Potential test cases include:

  1. Surface gravity wave: The speed of the surface gravity wave can be compared to the theoretical expectation, as shown in Pal et al. 2023 Appendix A. This could use an aquaplanet domain (flat bottom, no coastlines) to measure the gravity wave speed, and a realistic domain to test boundary conditions and variable-depth bathymetry.

  2. Stommel double gyre: This may be compared to an exact solution in the Cartesian case, as in Pal et al. 2023 Appendix B, or qualitative comparisons for the spherical case using either idealized boundaries or an isolated Atlantic Basin domain.

Tests of realistic global circulation cannot be done with the shallow water equations of Omega-0, but will be part of Omega-1 development with the layered primitive equation model.
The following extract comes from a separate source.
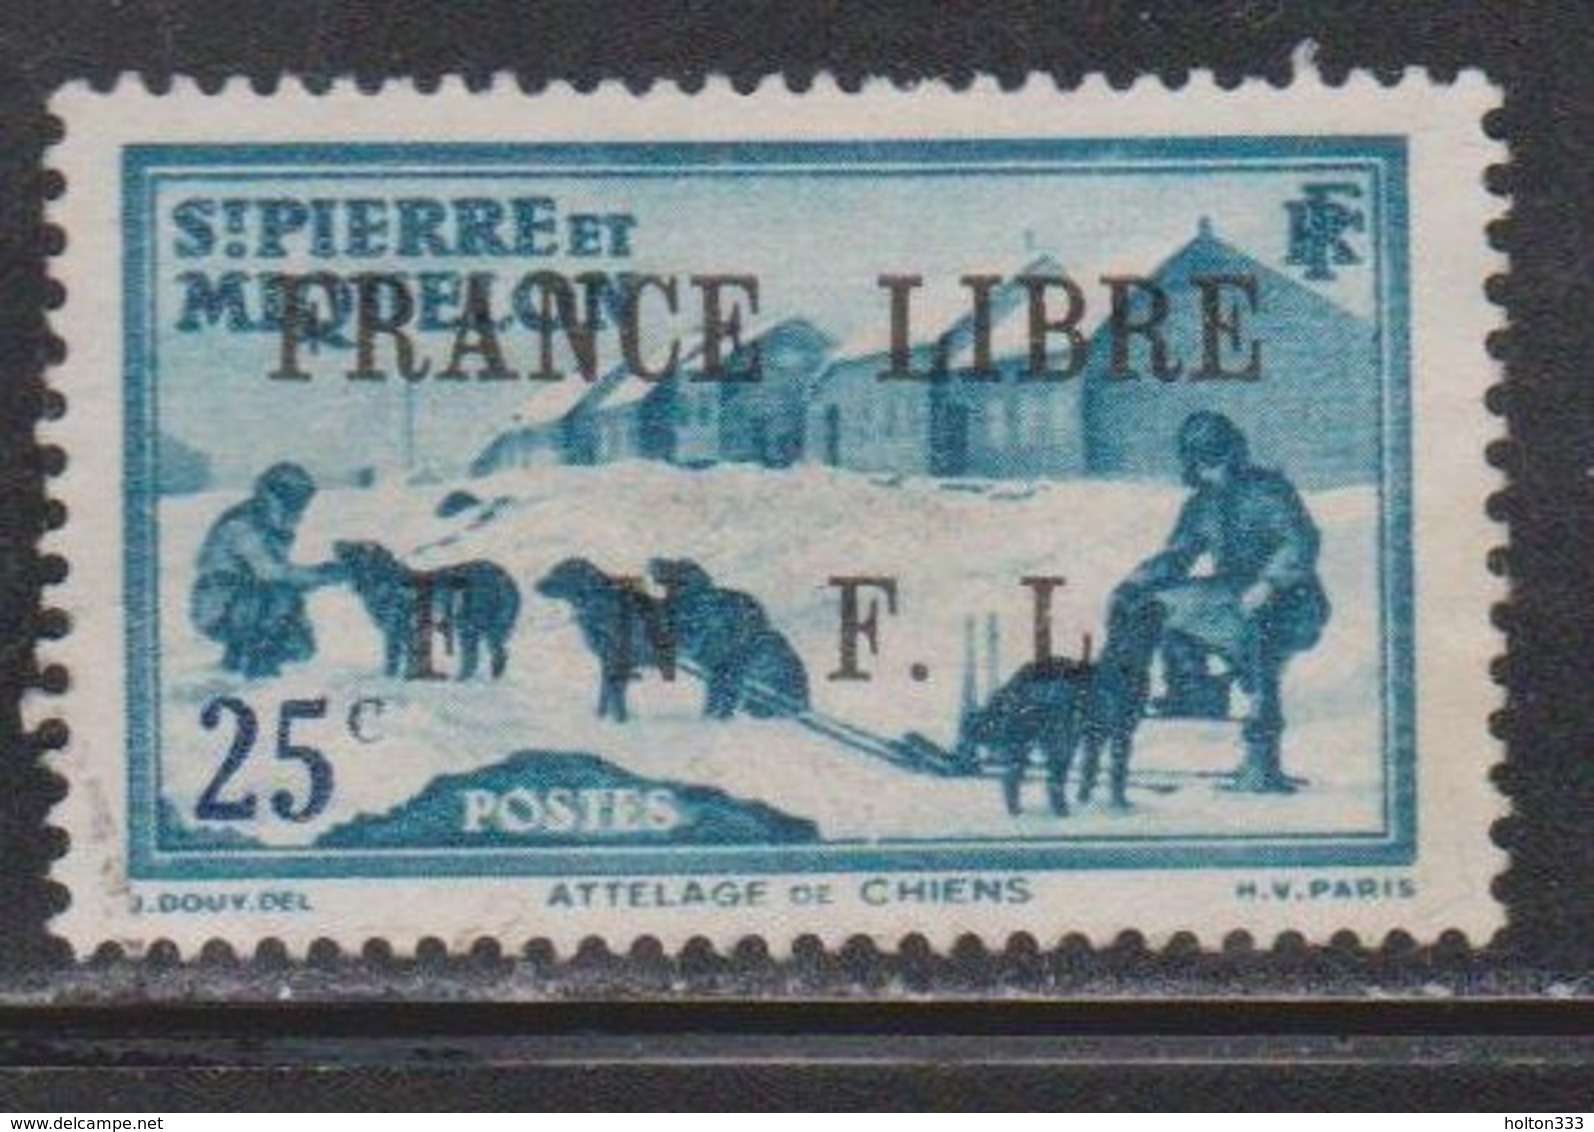 ST PIERRE & MIQUELON Scott # 229 Used - Dog Team With France Libre FNFL Overprint - Oblitérés

5.7 Further tests for Omega-0

Potential additional test cases include the following. These are useful to explore and validate model behavior, but are optional, depending on the time available.

  1. Williamson et al. 1992 as test case 2 or 3, global steady state solutions.

  2. Global case with unstable jet Galewsky et al. 2003

References

Cushman‐Roisin, B., & Beckers, J.‐M. (2011). Introduction to geophysical fluid dynamics: Physical and numerical aspects. Academic press.

Gill, A. E. (2016). Atmosphere—Ocean dynamics. Elsevier.

Pedlosky, J. (1987). Geophysical fluid dynamics (Vol. 710). Springer.

Vallis, G. K. (2017). Atmospheric and oceanic fluid dynamics. Cambridge University Press.